Repeat the listing below in full and exactly. Pictures are to be omitted.

● Raw data:
════
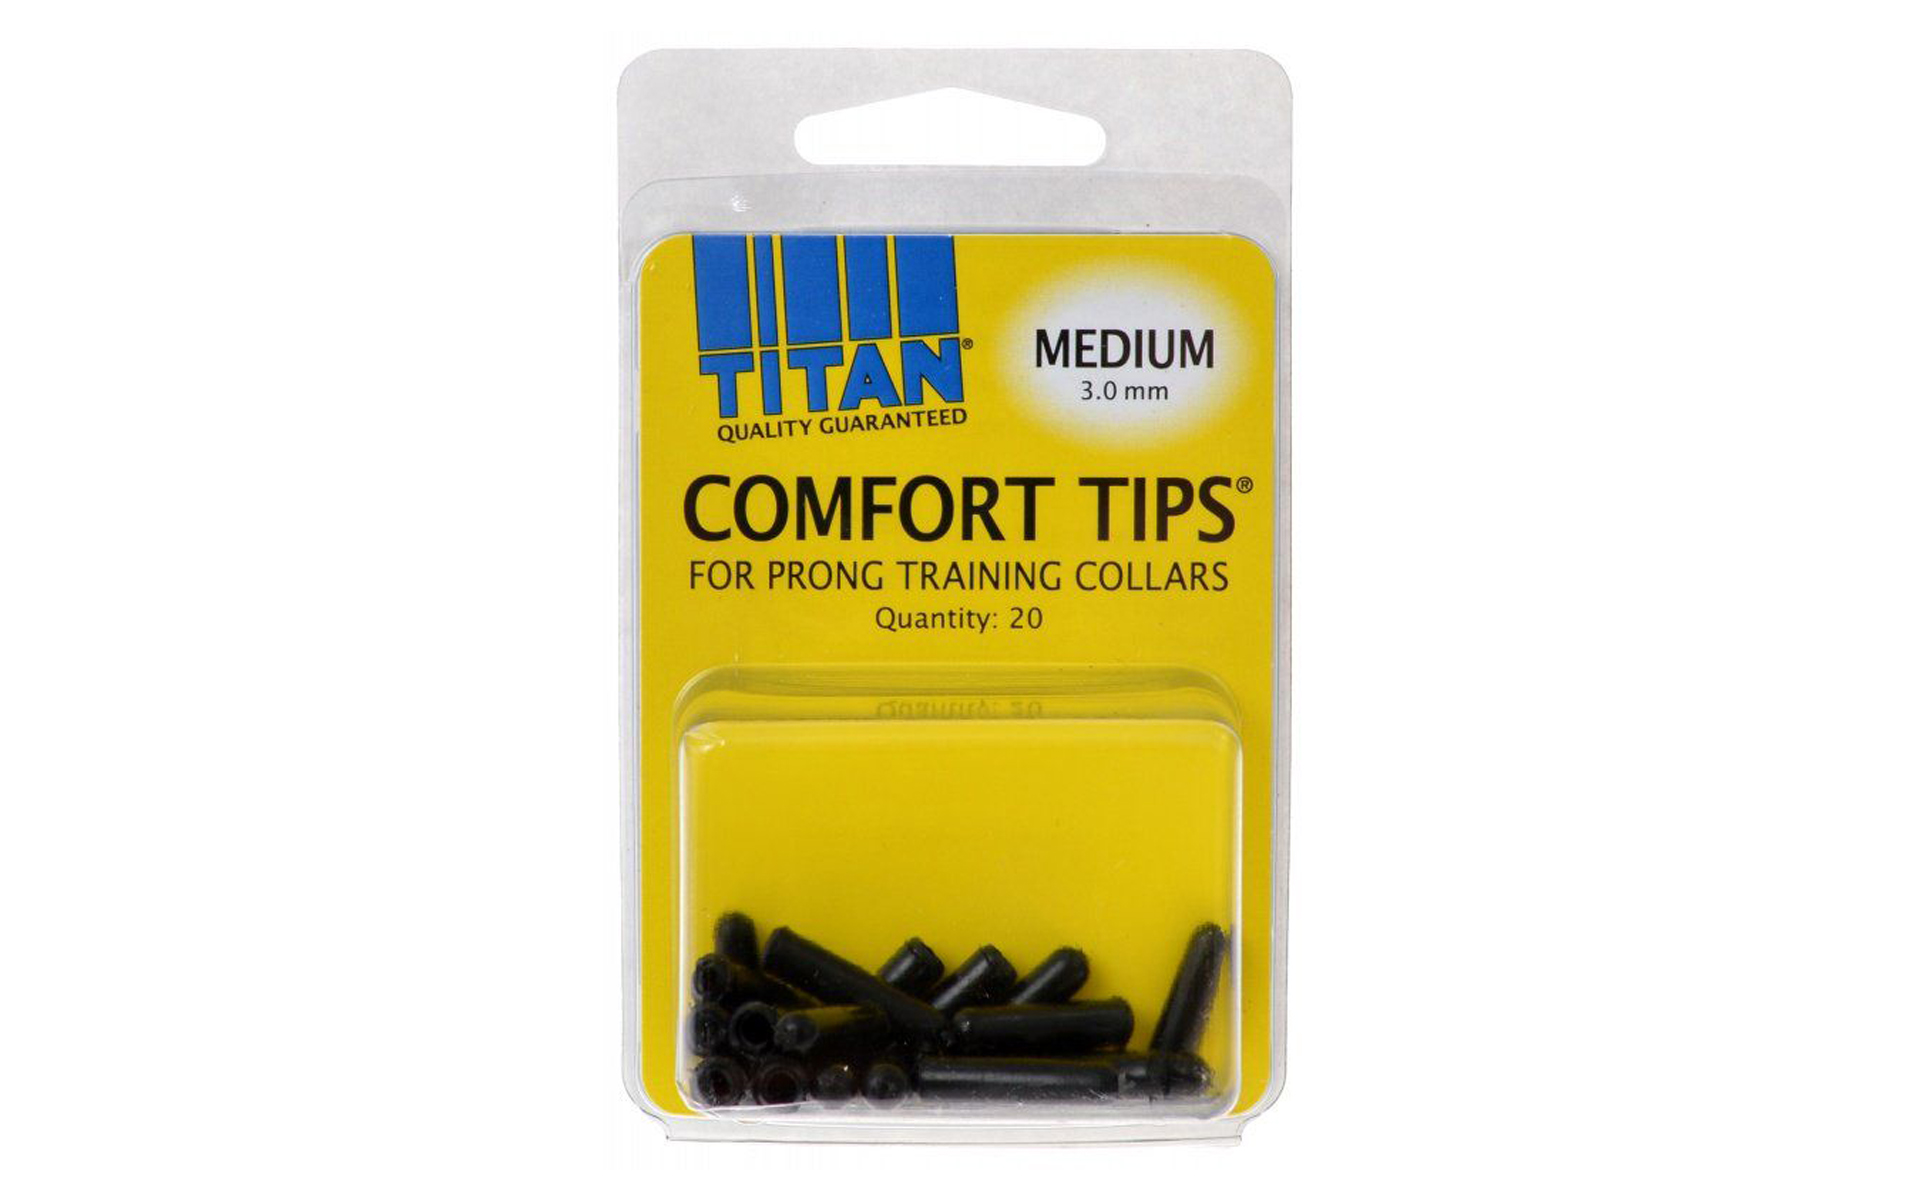 Comfort Tips for Prong Training Collars
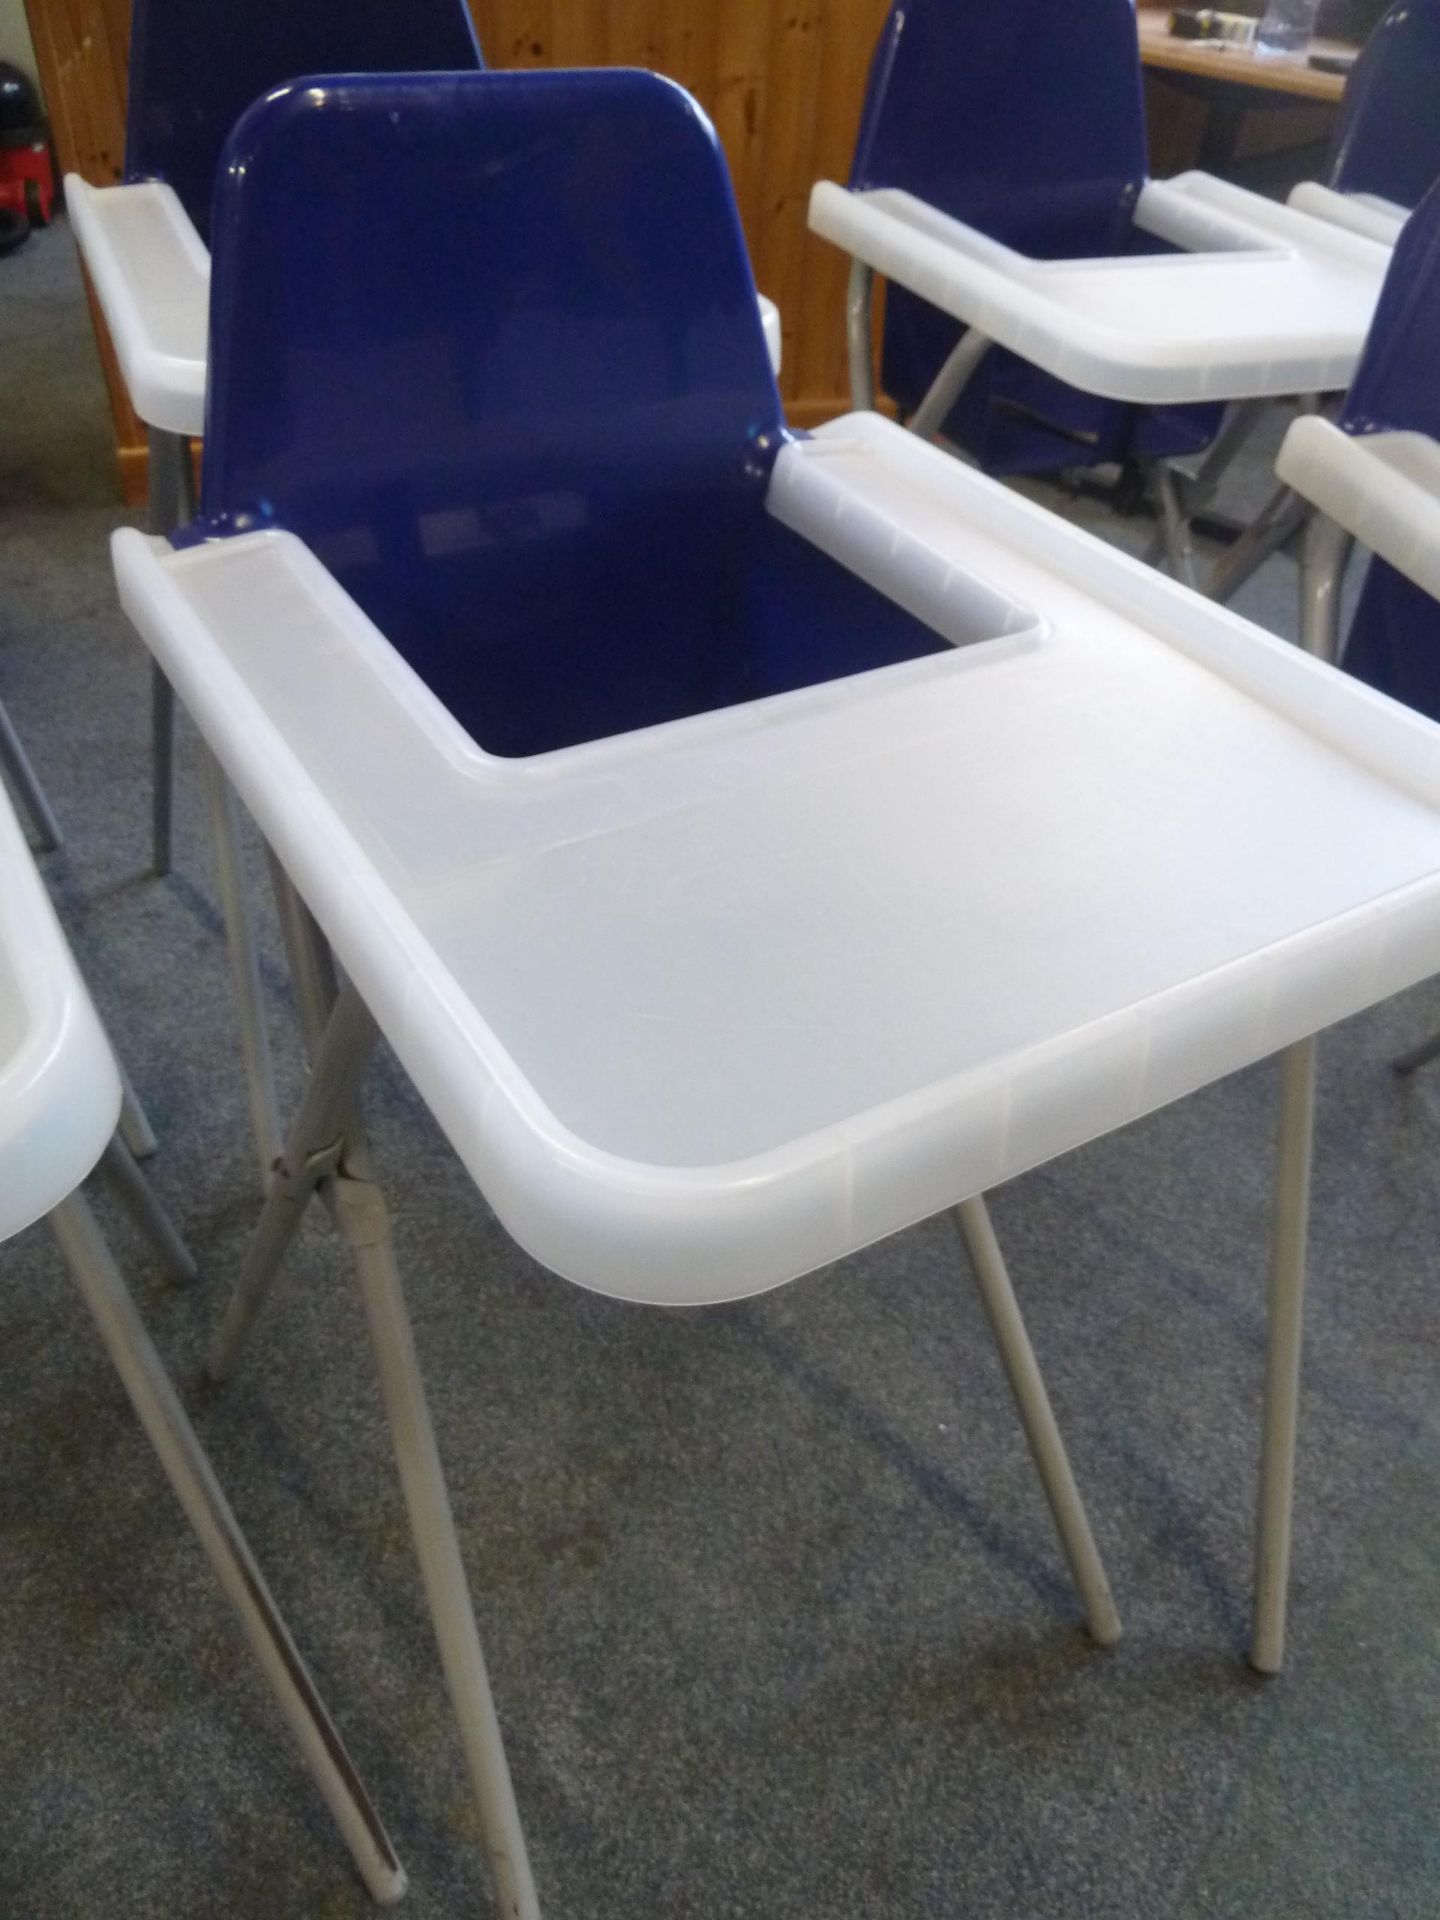 *4 x high chairs - plastic seat and tray with metal x-frame legs - Image 2 of 3
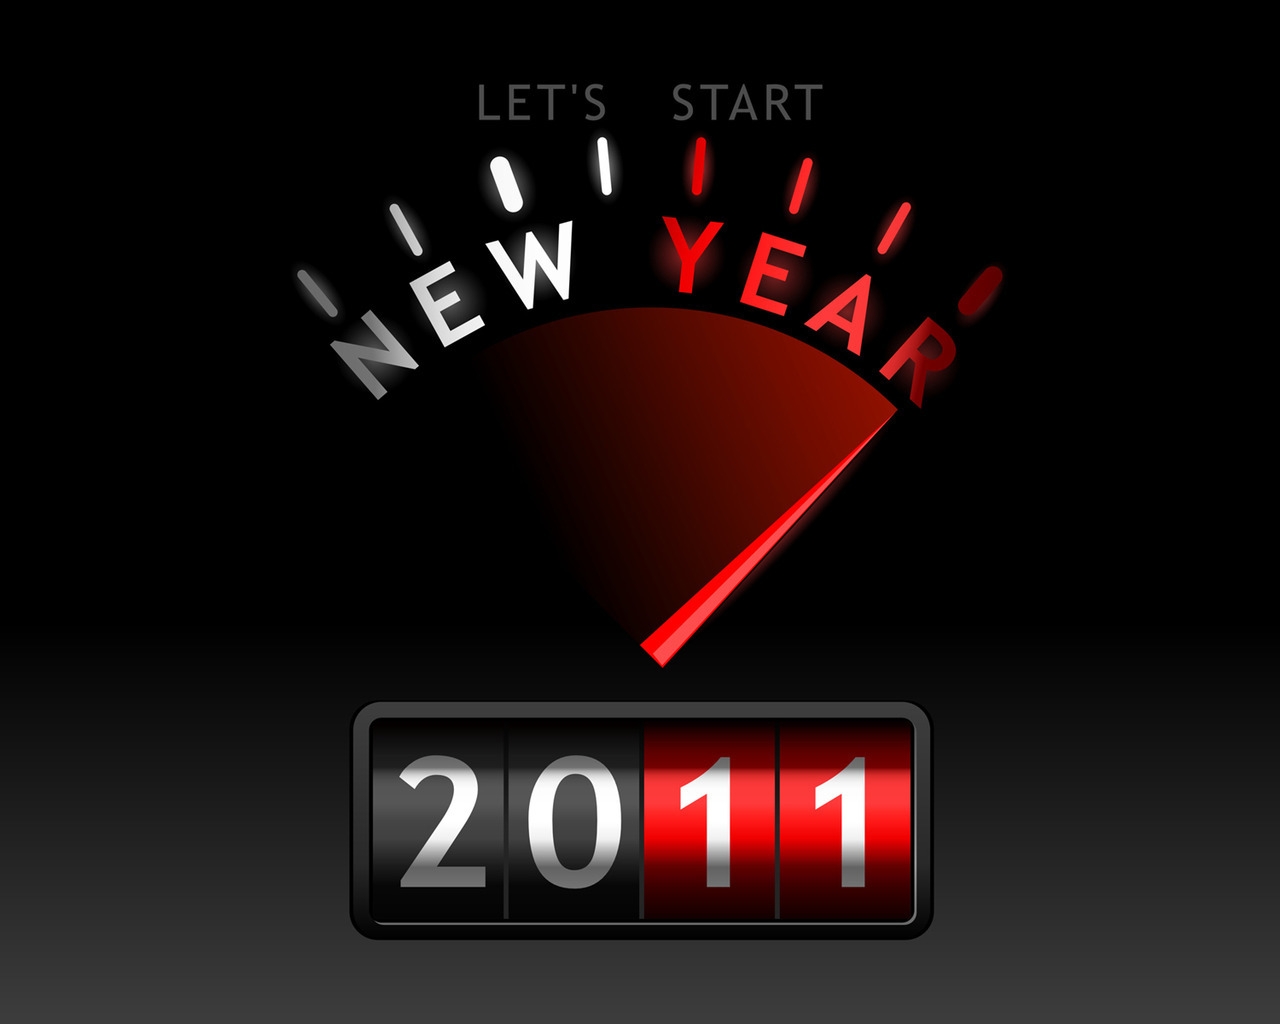 Ready for 2011 for 1280 x 1024 resolution
════
● Result below:
 Comfort Tips for Prong Training Collars
 *4 x high chairs - plastic seat and tray with metal x-frame legs - Image 2 of 3
 Ready for 2011 for 1280 x 1024 resolution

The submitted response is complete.